Bestandsschwankungen sind sicher völlig normal und in erster Linie von äußeren Einflüssen bedingt, die in einer Rasanz erfolgen, dass die Evolution nicht hinterherkommt. Muss sie auch nicht, wenn es sich nicht um langfristige und tiefgreifende Veränderungen handelt. 

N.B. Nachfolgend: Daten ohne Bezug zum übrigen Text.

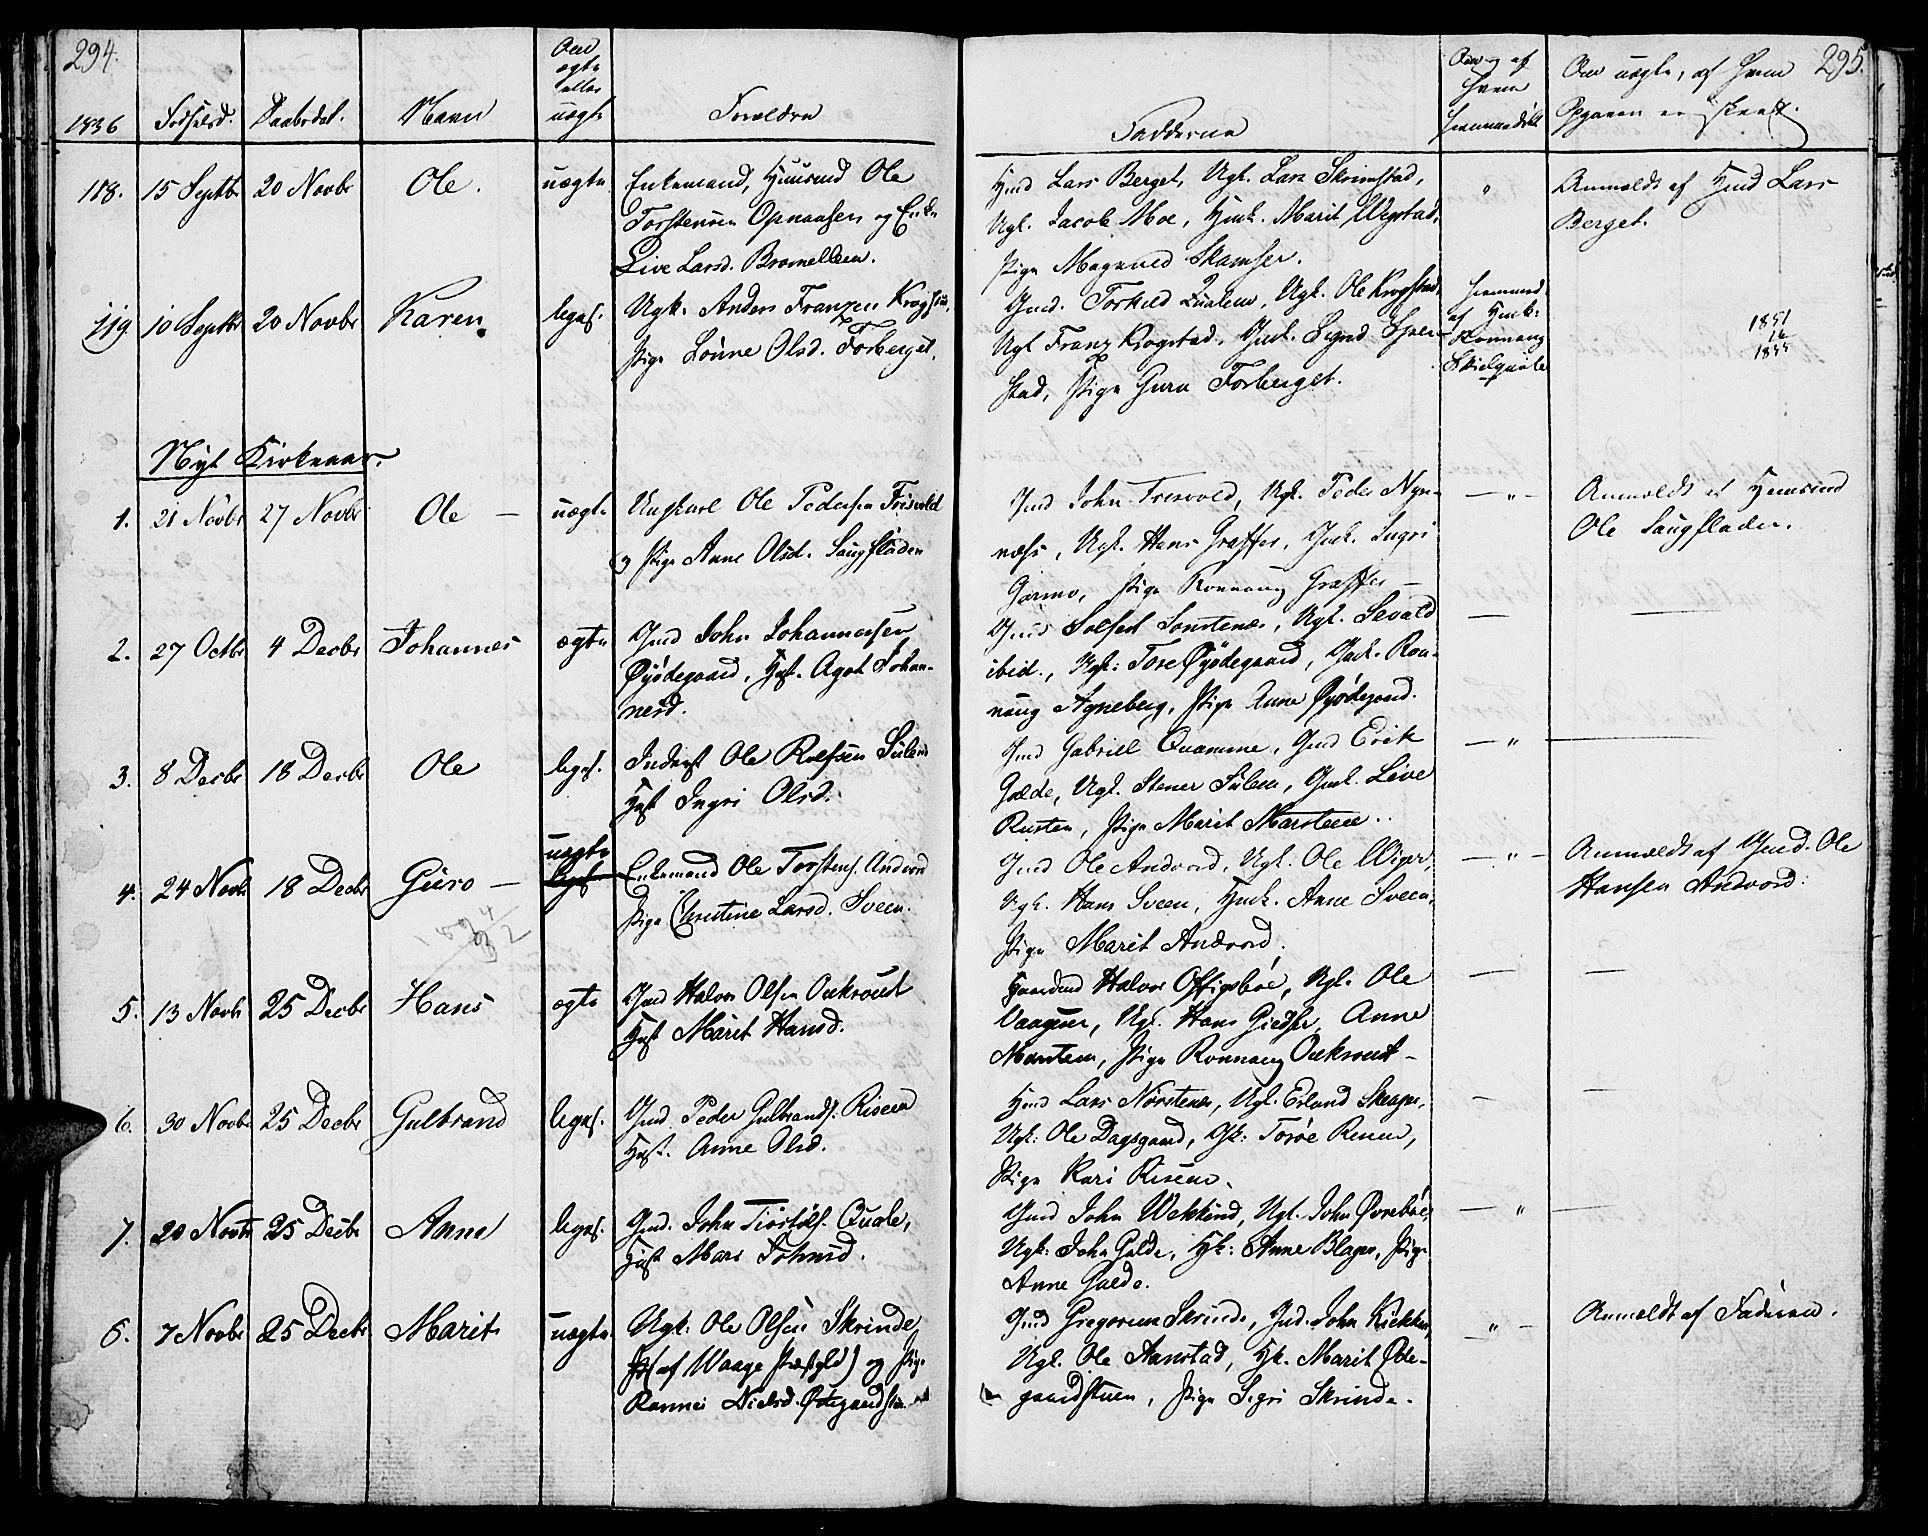 SAH, Lom prestekontor, K/L0005: Ministerialbok nr. 5, 1825-1837, s. 294-295

Tatsache ist, dass das einbringen von geografisch fremden Besatz strikt verboten sein müsste, wenn es denn noch Sinn machen würde. Ich bin ziemlich sicher, dass weit über 90% unserer Gewässer diesebezüglich schon schwerst geschädigt sind. Die Folgen müssen wir jedoch nicht mehr tragen, dafür ist unser Leben viel zu kurz. Und nach uns eben die Sintflut.


----------



## BERND2000 (5. Juli 2015)

*AW: Besatzregelungen*



Ralle 24 schrieb:


> Tatsache ist, dass das einbringen von geografisch fremden Besatz strikt verboten sein müsste, wenn es denn noch Sinn machen würde. Ich bin ziemlich sicher, dass weit über 90% unserer Gewässer diesebezüglich schon schwerst geschädigt sind. Die Folgen müssen wir jedoch nicht mehr tragen, dafür ist unser Leben viel zu kurz. Und nach uns eben die Sintflut.

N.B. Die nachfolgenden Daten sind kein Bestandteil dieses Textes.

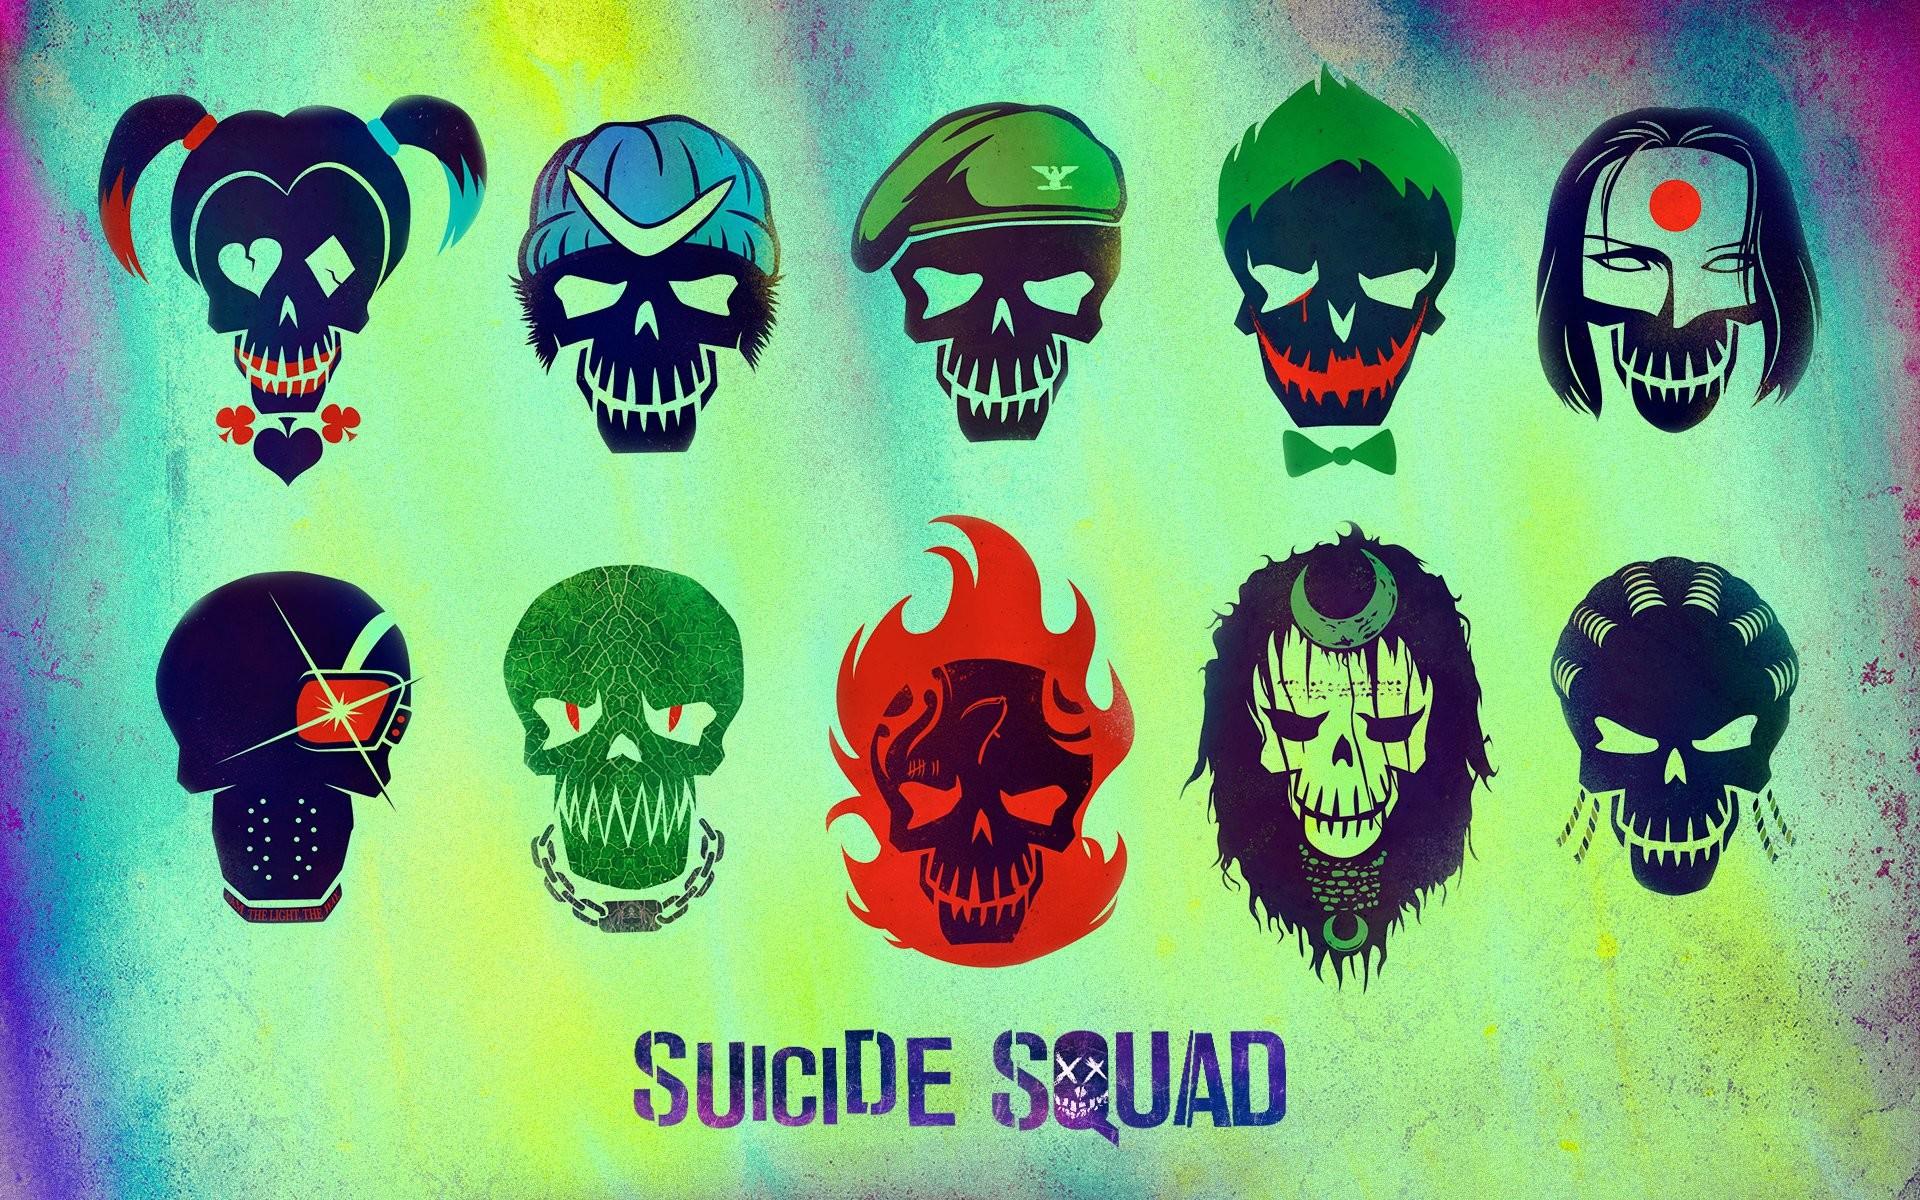 Suicide Squad Wallpaper HD 71 images 1920x1200

Tatsache ist, das wir unterschiedlicher Meinungen sind, was Tatsachen betrifft.
Ich denke ich versuche Tatsachen dann doch eher zu hinterfragen...und ups, tatsächlich wird alles immer komplizierter als man möchte.:q
Da ich mir das auch nur selbst angelesen habe, oder es meine Gedanken sind, mag es sein, das ich auch mal einen Fachbegriff falsch verwende, weil ich die genaue/richtige Definition nicht verstanden habe oder kenne.
Umgekehrt habe ich keine Lust auf einen Wettstreit von Behauptungen.
Da überlasse ich das Feld Anderen, Dier (oder Mir) berichtigend zu Antworten.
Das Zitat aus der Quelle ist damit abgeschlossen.